More and more, young urban adults in India are developing obesity, high blood pressure and diabetes, suggesting that rising rates of cardiovascular disease could be in the future, a new study finds.
Among 1,100 young adults from New Delhi, all three conditions became steadily more common over the 7 years of the study.
At the outset, when the average study participant was 29 years old, about 50% had waistlines that fit the criteria for abdominal obesity. Seven years later, that was true for 70%.
Meanwhile, rates of high blood pressure rose from 11% to 34% among men, and from 5% to 15% among women. Diabetes also became a growing problem, with the rate rising from 5% to 12% among men, and from 3.5% to 7% among women.
Researchers have warned that the "remarkable changes" in such a short time suggest that these young adults could have high rates of heart disease and stroke down the road.
The findings, reported in the Journal of the American College of Cardiology, add to a bleak outlook for Indians' heart health.
Heart disease not uncommon
The country of 1 billion-plus was estimated to account for 60% of the world's heart disease cases in 2010. And a recent study found that people in India and other South Asian countries suffer their first myocardial infarction at age 53, on average, 6 years earlier than the rest of the world.
Dr Dorairaj Prabhakaran, who worked on the new study, wasn't surprised at how common heart disease risk factors were even in this young population.
"Given the rapid socioeconomic and demographic transitions in India, I was not surprised at the high incidence rates," Dr Prabhakaran, a cardiologist at the Centre for Chronic Disease Control in New Delhi, said.
Western-style diet to blame
Western-style diets often catch the blame for feeding obesity and its associated health problems, Dr Prabhakaran noted.
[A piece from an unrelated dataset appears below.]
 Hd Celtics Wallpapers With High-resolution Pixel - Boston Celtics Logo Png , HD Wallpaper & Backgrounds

But such eating habits are not that common in India.
"Many popular Indian foods are unhealthy, as they are rich in sugar and saturated fat," said Dr Prabhakaran.
And while the study looked only at young adults in New Delhi, Dr Prabhakaran said that heart risk factors in rural areas of southern India have risen quickly in the last decade and are near the levels seen in urban areas.
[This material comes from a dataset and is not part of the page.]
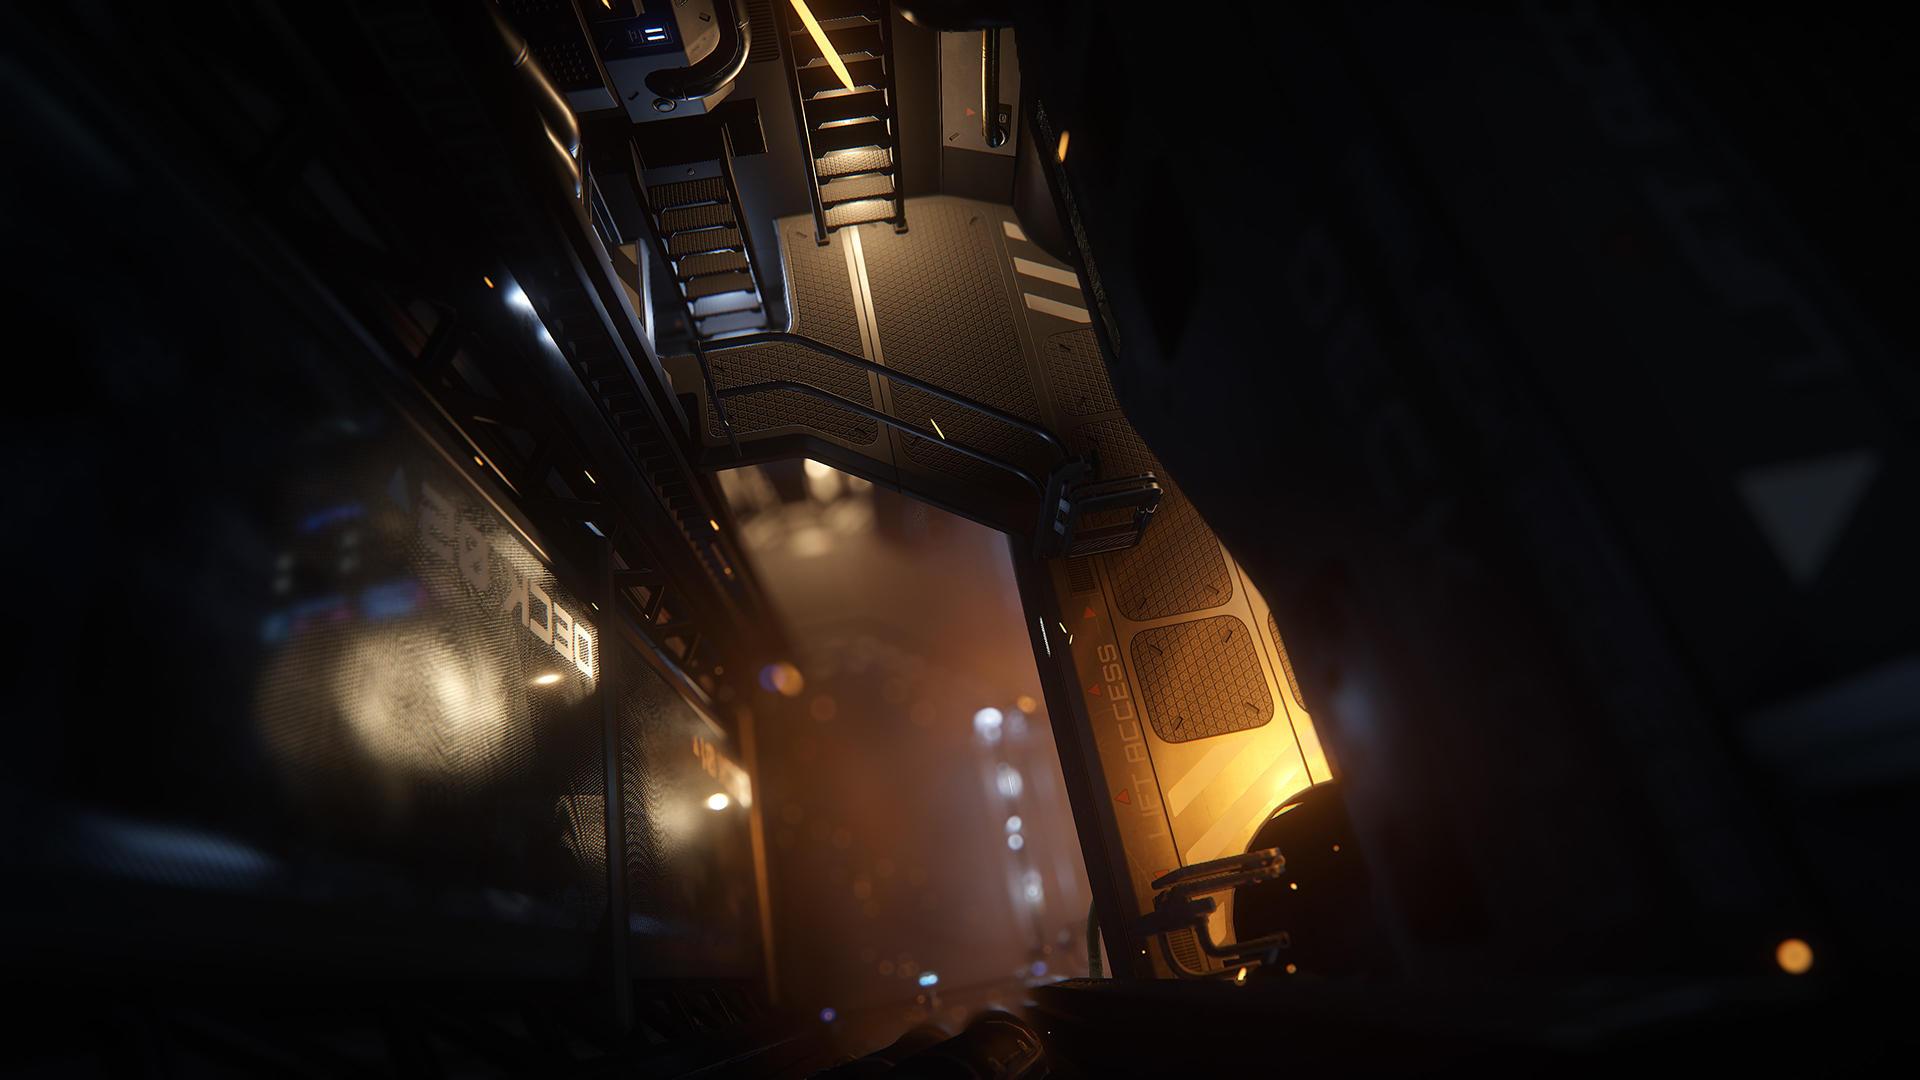 Hull-C wnętrze

"Reducing cardiovascular disease and its risk factors requires a policy response," Dr Prabhakaran said, "particularly tobacco control, making fruits and vegetables available locally and affordable, and an enabling environment to improve physical activity."
Heart disease and its risk factors put a "huge" financial burden on the Indian people and healthcare system, Dr Prabhakaran and his colleagues point out.
The annual cost of treating diabetes, for example, consumes anywhere from 5% to 34% of personal income in India.
An editorial published with the study agreed on the need for tobacco control and other public policies aimed at improving heart health in India.
Health education is not enough because "smoking, sedentariness, and poor diet do not arise in a vacuum," write Drs Gilles Paradis, of McGill University in Montreal, Canada, and Dr Arnaud Chiolero of the University of Lausanne in Switzerland.
"The task is daunting," they add, "but we have a moral obligation to support the global fight against (cardiovascular disease) and chronic diseases, which are the pandemic of the twenty-first century."